L’ère de l’innovation n’est pas encore achevée

Aussi, savons-nous que l’esprit d’entreprise est le pilier central du développement économique des pays. Ce sont les acteurs du secteur privé qui font vivre l’économie d’un pays. Voilà pourquoi il reste fondamental d’entreprendre des réformes institutionnelles visant à :

  • Promouvoir l’innovation : c’est le désir d’améliorer les conditions de vie de la race humaine qui a vu naître les plus grandes inventions dont nous bénéficions des avantages encore aujourd’hui.
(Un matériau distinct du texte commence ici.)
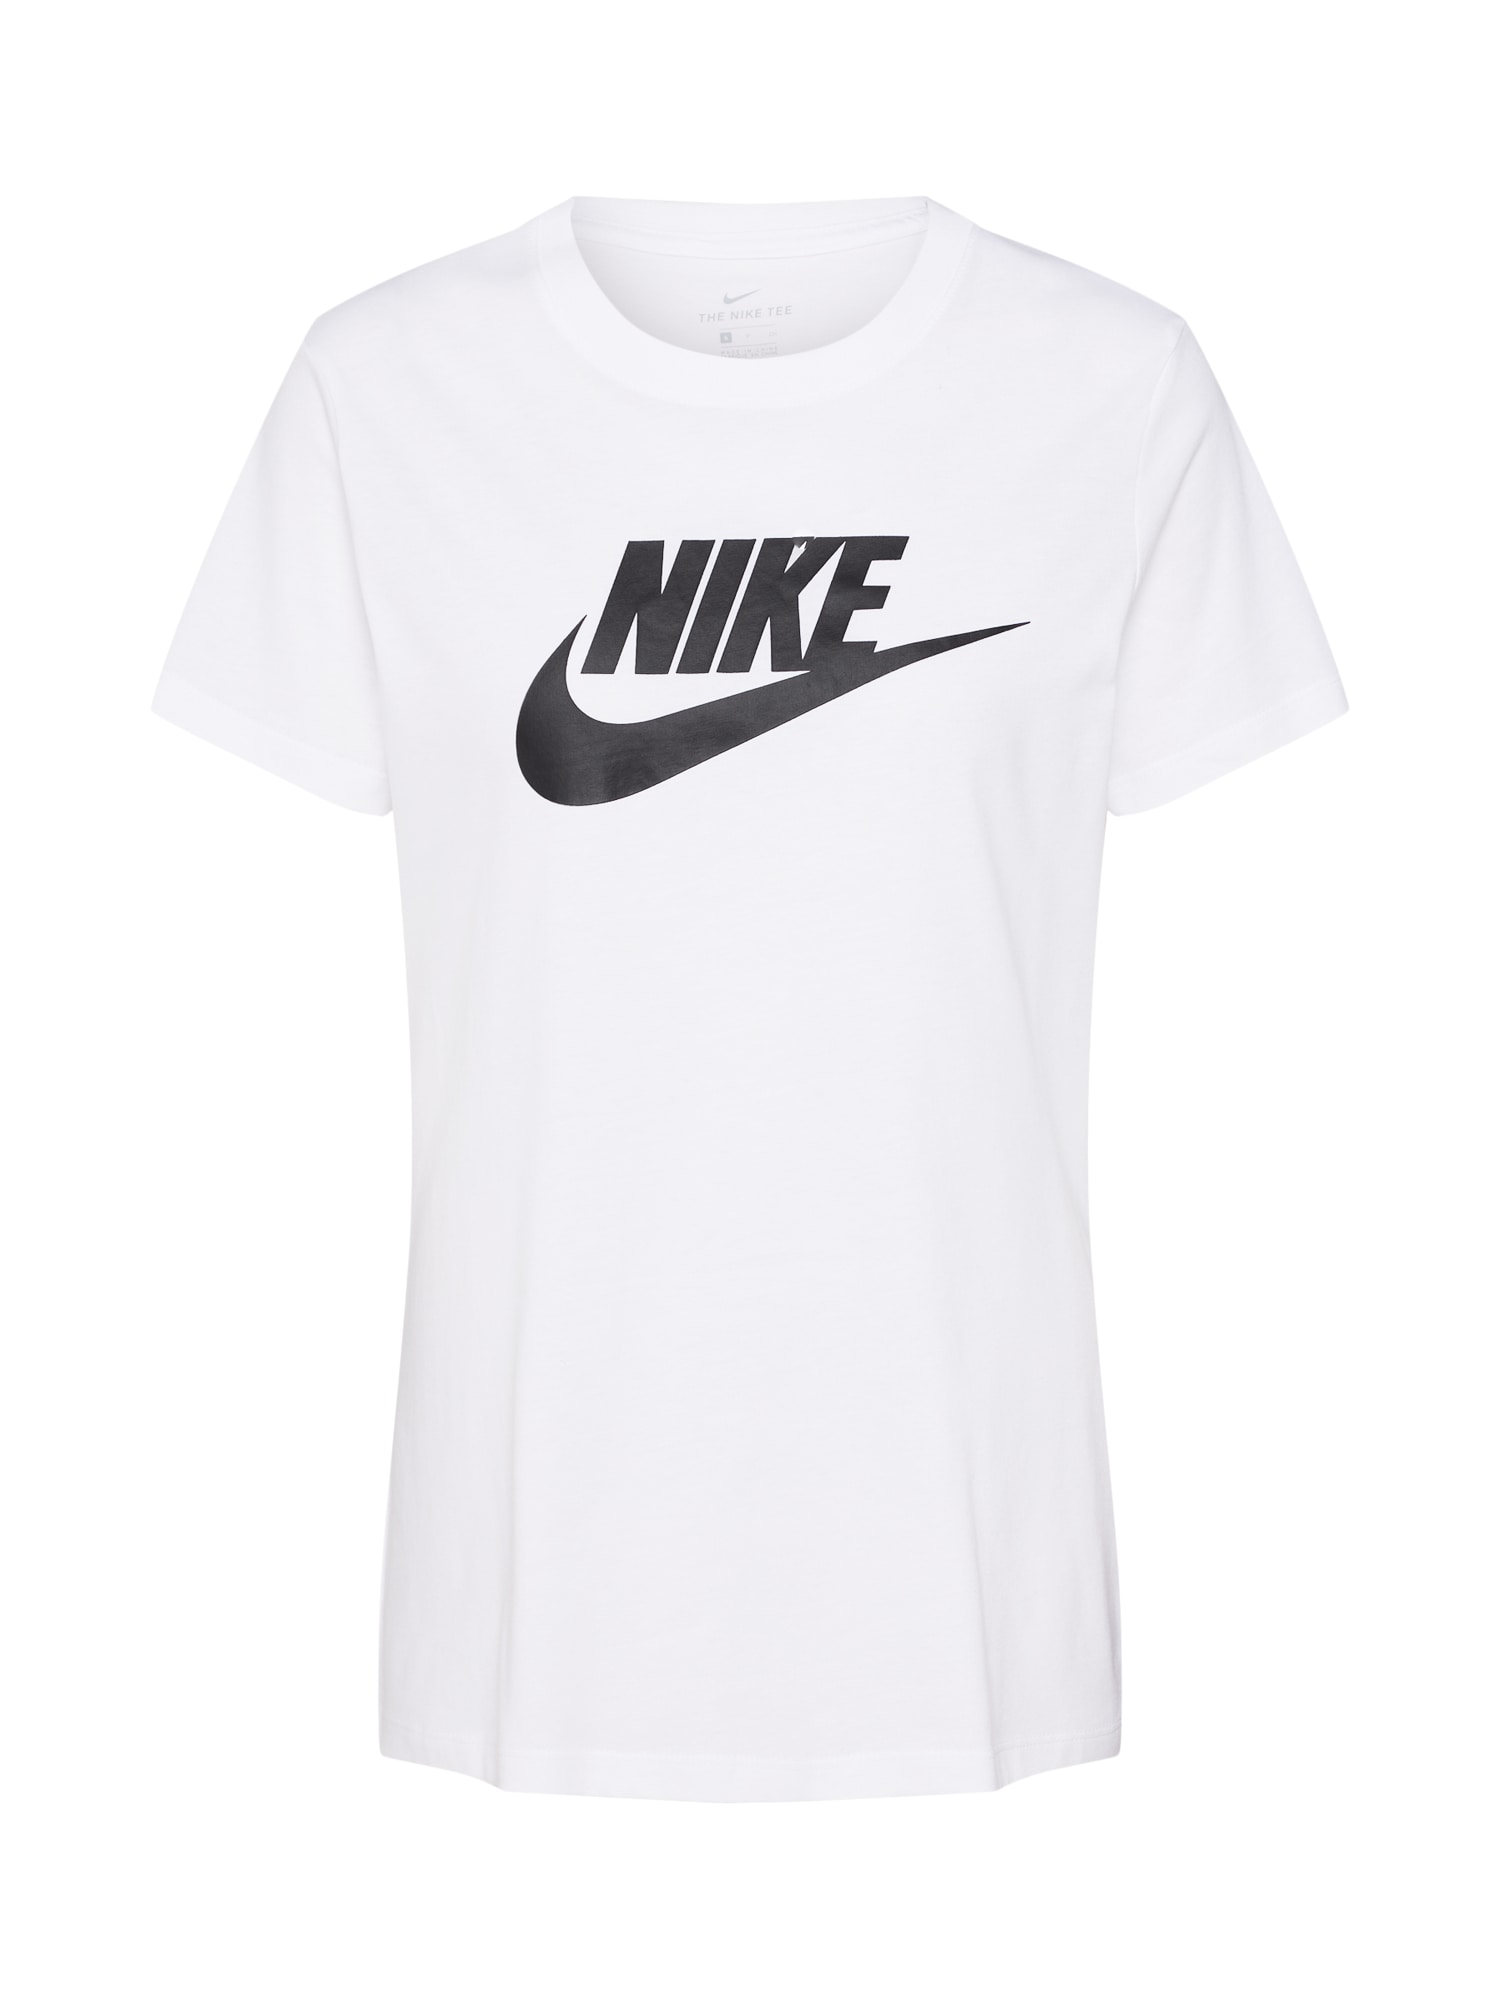 Nike Sportswear Marškinėliai 'Futura' juoda / balta

Cette capacité à l’innovation doit être portée, partagée, entretenue et promue dans toutes les sphères (politique, éducation, justice, administration, etc.), et cela est possible avec des législations fortes et pertinentes portées par nos Etats. L’esprit d’innovation est un sol duquel la créativité et les technologies prennent leur envol. L’Afrique ne devant pas rester en marge de ce boom a un rôle à jouer étant donné que beaucoup de choses sont encore possible d’être transformées, améliorées sur le continent.
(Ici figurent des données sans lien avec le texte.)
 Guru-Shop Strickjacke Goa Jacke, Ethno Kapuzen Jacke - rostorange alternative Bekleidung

  • Promouvoir l’esprit d’entreprise : en plus des aptitudes et compétences, le cadre juridique, institutionnel, économique et des conditions d’accompagnement doivent être mises en place afin de mener la jeunesse du continent à saisir le chemin de l’entrepreneuriat, d’autant plus que les domaines et champs d’actions sont multiples et variés. Ce potentiel doit être déployé, soutenu en Afrique autant en même plus que ce n’est le cas en Europe et en Amérique, d’où nous sommes témoins des innovations, produits, entreprises, et l’essor que connait ces économies portées par leur jeunesse entreprenante et dynamique soutenu par un système bancaire favorable à l’entrepreneuriat qui a été rendu possible par l’action des législations et des hommes politiques. Car du développement des entreprises découlera plus d’emplois, une économie plus florissante et un développement durable plus soutenue pour l’Afrique.
  • Promouvoir la participation citoyenne : au-delà des droits à la réalisation, la jeunesse doit contribuer à soutenir l’économie, la justice sociale qui est un devoir citoyen régalien. Nous croyons que la mise en place de ce contexte pluridimensionnel dans nos Etats et pays africains est la cadre favorable à une participation plus active de la jeunesse du continent à son développement.

Le champ d’action se présente comme une suite logique et complémentaire de dispositions légales et d’une volonté politique de construire une jeunesse autonome, dynamique et durable. Nous pouvons donc de ce parcours conclure que le chemin vers l’autonomisation de la jeunesse africaine passe d’abord par une action émanant du pouvoir dont les orientations doivent être définies fonction des questions mondiales mais adaptées au contexte africain. Le plein potentiel de cette jeunesse ne pourra être réalisé que lorsque chacun et tous aura une chance de bénéficier des mêmes opportunités et de contribuer de manière active à l’atteinte des Objectifs de Développement économiques locaux et régionaux. L’engagement pour faire de cet objectif une réalité doit venir de chacune des parties foulant le sol de notre cher continent. Nous devons tous donc travailler à ériger cette échelle pour notre Afrique.